Kala Paree and Nidra Paree by Abanindranath Tagore in Bengal Fairy Tales Bengal Fairy Tales by Bradley-Birt
I wrote to the Cheltenham Local History Society hoping to get more details about the brief to Clark, perhaps his jottings. Jill Waller replied saying, “Sadly almost all the records of H.H. Martyn & Co. were destroyed, firstly by a bomb in World War II, and then when the works closed in the 1970s.” But I could refer to a book on the firm written by a great grandson of the founder.
The Best by John Whitaker confirmed that Clark had designed the angel, though his most famed work was not this but a bronze sculpture called The Broken Limber. An Italian, George Mancini, had apparently cast the angel into bronze.
Clark had been a member of the Royal Society of British Sculptors. When I wrote to them, Elle Arscott replied saying she doubted if George Mancini had been involved in the angel’s making as, according to the records, he did not set up his own foundry until the early 1930s. Later, Suzanne Lindsey Clark, daughter-in-law of Clark’s grandson Michael, told me, “It was actually George’s father Frederick Sr who created the bronze.”

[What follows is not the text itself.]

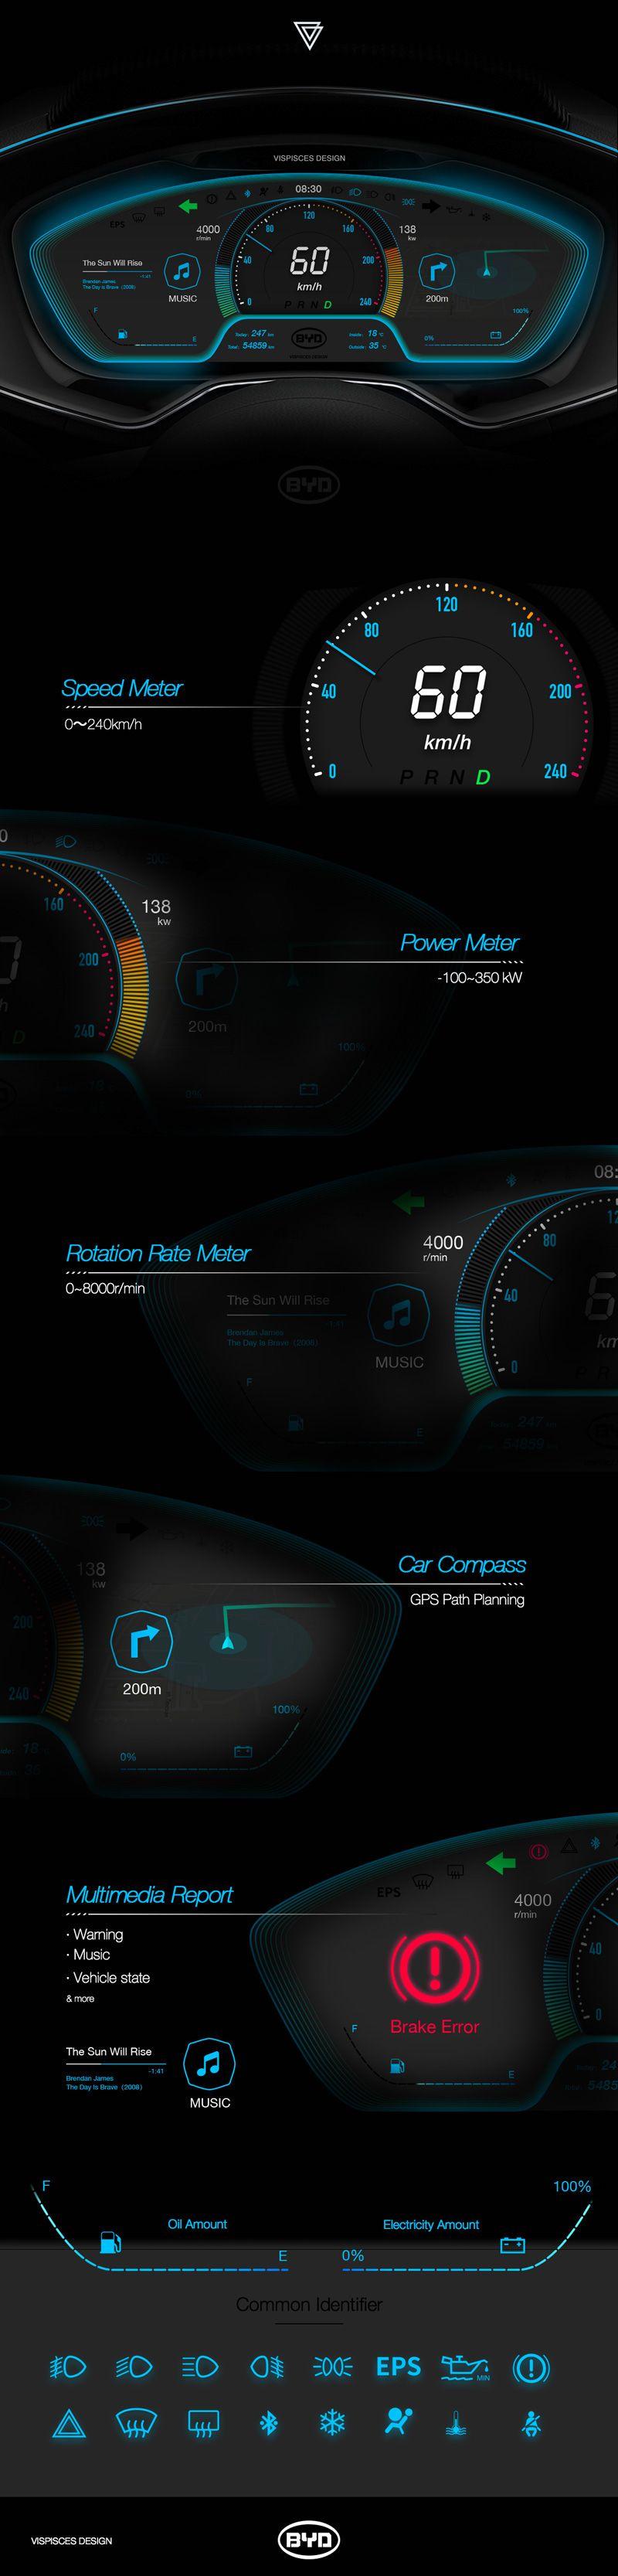 Byd Automobile Instrument Panel Design On Behance ユーザーインターフェース コントロールパネル かっこいいデザイン

H.H. Martyn engaged the Mancini family to work in the foundry “because of their special skills in the lost wax process; making the mould in plaster with a thickness of wax between the mould and the core”. In yet another email, Suzanne wrote, “I have attached a portrait photo of Robert as well as photos of the designing and making of the angel...” And there it was, the exact same puzzle piece photo with which I had embarked on this kalo pori chase.
Other gaps filled up. Sengupta had shown me a photograph of the memorial dated July 5, 1921, and missing the pori. And yet it was very much there in the photographs from the inauguration in December 1921. But Arscott had said the angel was shipped from Cheltenham to Calcutta in 1920. This meant that though the angel was in the city, it assumed its perch sometime between July and December 1921.
I would have stopped here, except that I found this nugget in one of the archival gems shared by Waller. A page of the British weekly The Graphic dated November 1920. Report 1 titled “Some Problems of the East” was about how despite her problems, India had much to offer “in the way of artistry”. There was a reference to the Bengal Fairy Tales (1920) by Lieutenant-Colonel F.B. Bradley-Brit, which Abanindranath Tagore had apparently illustrated “with most delicious charm”. Report 2 was an update on Victoria Memorial. Not caring for editorial logic, the olden page designer had stuck a photograph of the Angel of Victory in the middle of Piece 1.
On a whim — or was it a nudge? — I looked up the Bradley-Birt book and there it was, a wondrous illustration by Abanindranath. The full-page watercolour showed a charcoal horizon of the texture of dreams, soft with billowing clouds, a paper-white moon and side-profiles of two maidens dark of skin. It was captioned “Kala Paree and Nidra Paree (sic).”
Fairies have their ways, they work by suggestion.